The Premiership Trophy....look,but Don't Touch for all but the best.

 If small sample size fluctuations occur in coin tosses that lead to apparently abnormal results even when the underlying chances have remained the same,we should see teams sometimes experiencing similar over the short 38 game Premiership season.If we simulate and repeat enough seasons,then just as a coin can churn out head after head through random bunching,so can a mid table outfit gain enough wins to climb higher in the natural order or enough defeats to possibly drop out of the Premiership all together and George Burley's Ipswich are the best Premiership example of the former as we can see here.

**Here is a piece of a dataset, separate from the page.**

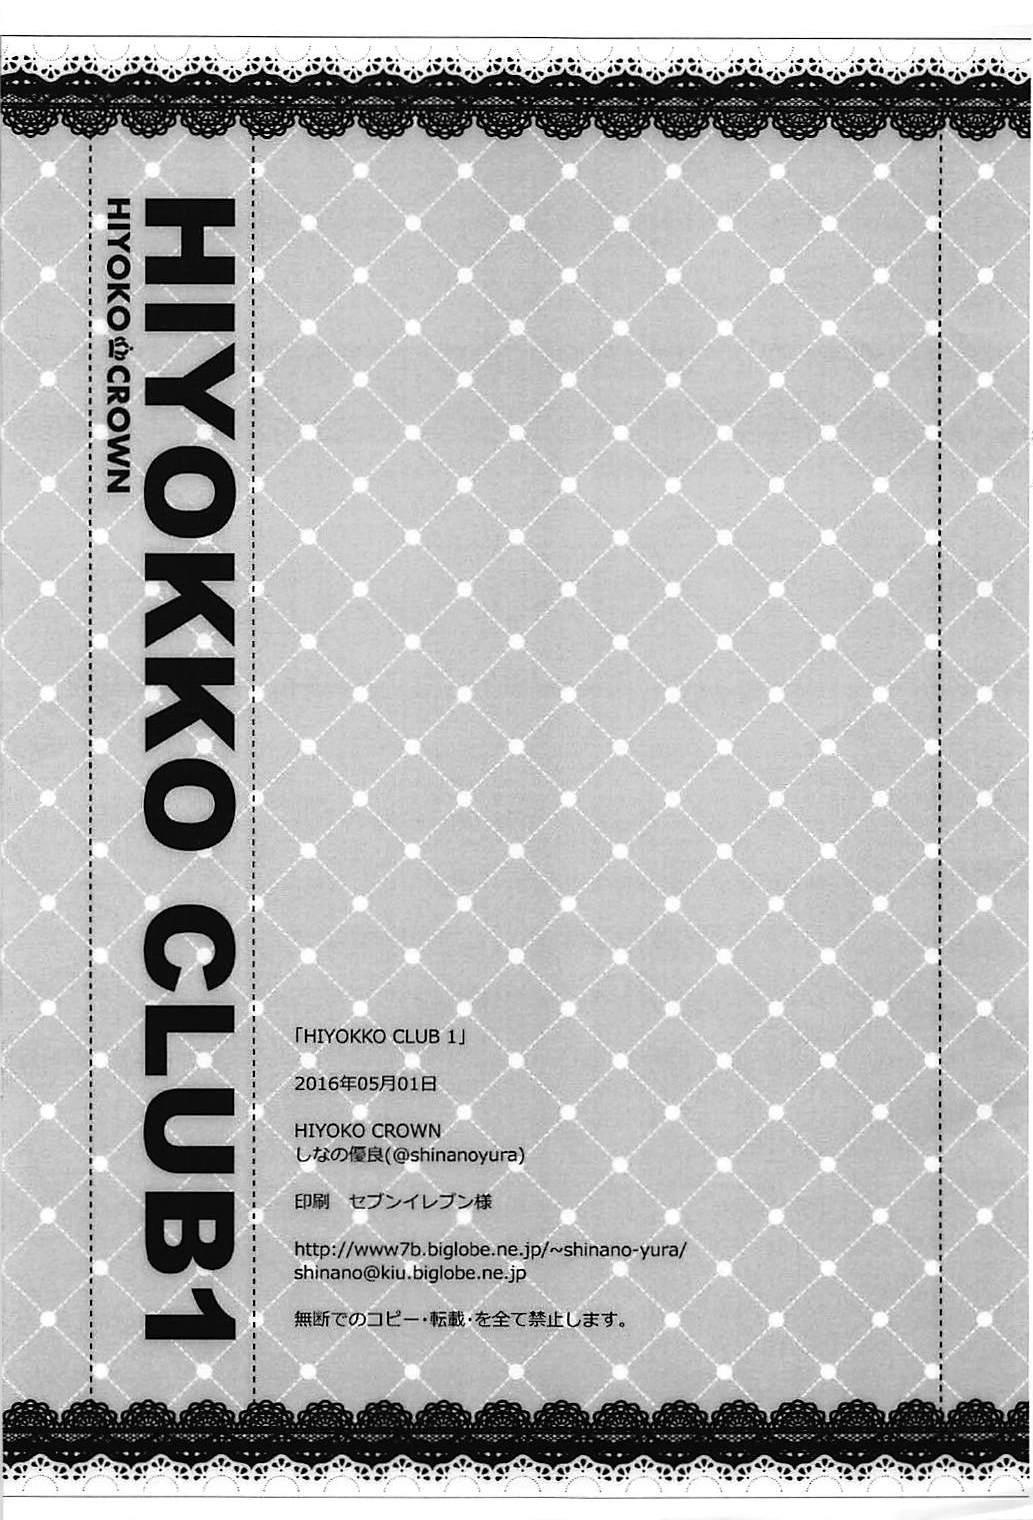 HIYOKKO CLUB 1 5

To see how likely it was that a team could rise above or fall well below their true talent,I used a simple goals based rating system to produce the kind of win/draw and loss probabilities a side would expect to encounter over a EPL season.I did this for a top four side expected to average around 84 points in a season,a slightly above average mid table team who would amass 52 points and a struggling team who would fail to break the 40 point barrier.

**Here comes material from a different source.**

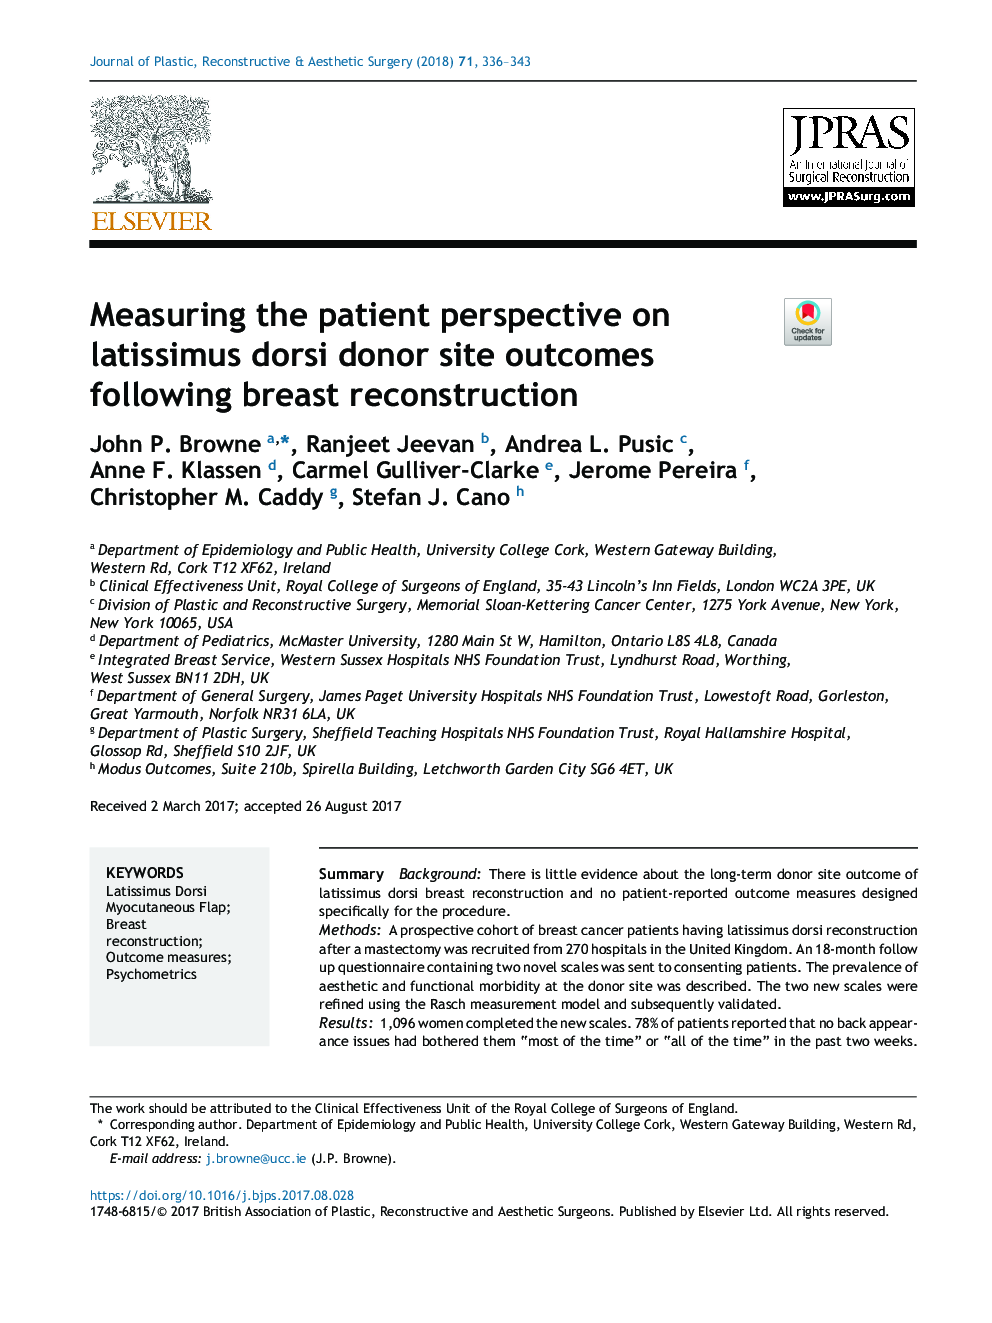 اندازه گیری چشم انداز بیمار در نتایج لکه های خلفی لاتسیسموس دوری پس از بازسازی پستان

I then ran 1,000 simulations for each generic team for a 38 game season using the game probabilities that teams of such quality would encounter and for each "season" I totalled the number of points each team would have ended the season with.From each season to the next,each team had the same chance of winning or drawing each individual game as they had had in a previous "season" and the only variation in points total arose from the random bunching or none bunching of results picked by a randomly generated number.The better teams of course were more favoured to win their individual games.

Outcome per 1,000 EPL Simulations for Teams of Varying True Quality.

One of the Best Top
Four Teams.
A Good Mid
Table Team.
A Relegation
Candidate.
Number of
Championships.
404 1? 0
Number of
Relegations.
0 66 587
Highest
Points Total.
106 82 67
Lowest
Points Total.
60 28 19

The results of this simplified exercise appear to mirror the kind of subjective opinions you would hear if you talked to fans of these types of sides and good and bad news is equally shared between the three groups.

If you support the best of the best,as a team averaging 84 points would be then you have every right to think that the league title is a likely outcome.A 100+ points is unlikely,occurring 5 times in each 1,000 simulations,but definitely attainable.More realistically,teams who are destined to perform well enough to even approach 100 points will almost certainly wrap the title up long before end of season games take place.So desire or lack of it may be why this simple model perhaps over estimates the likelihood of 100+ years.The lowest points total such teams achieved was 60,dropping them into the ignominy of Europa Cup participation without the benefit of a pre Christmas Champions League campaign.Although,points deductions aside,a team of this true talent will never have an "unlucky" enough year to fear relegation.So to answer the original question,the current Manchester United side would almost certainly not be relegated this side of the Norman Conquest.

Things can look less rosy for our other two teams.Good mid table teams like Everton or Villa from the recent past may sneak one Championship once every 1,000 or so seasons,although their maximum haul of 82 points would hardly indicate a vintage year.Much more of a worry for fans and managers and a conundrum for chairmen are the 66 occasions when a true middle ranker gets randomly relegated.It's probably much better to dream about the 17or so times when fortune smiles and 70 or more points are banked.

The pessimism of fans of lowly teams is well justified with relegation an odds on proposition.They can expect half a dozen forays into the 60's,but a shade over 100 seasons every 1,000 when they don't reach into the 30's. They can certainly forget any chances that they might just win the Premiership Trophy by accident.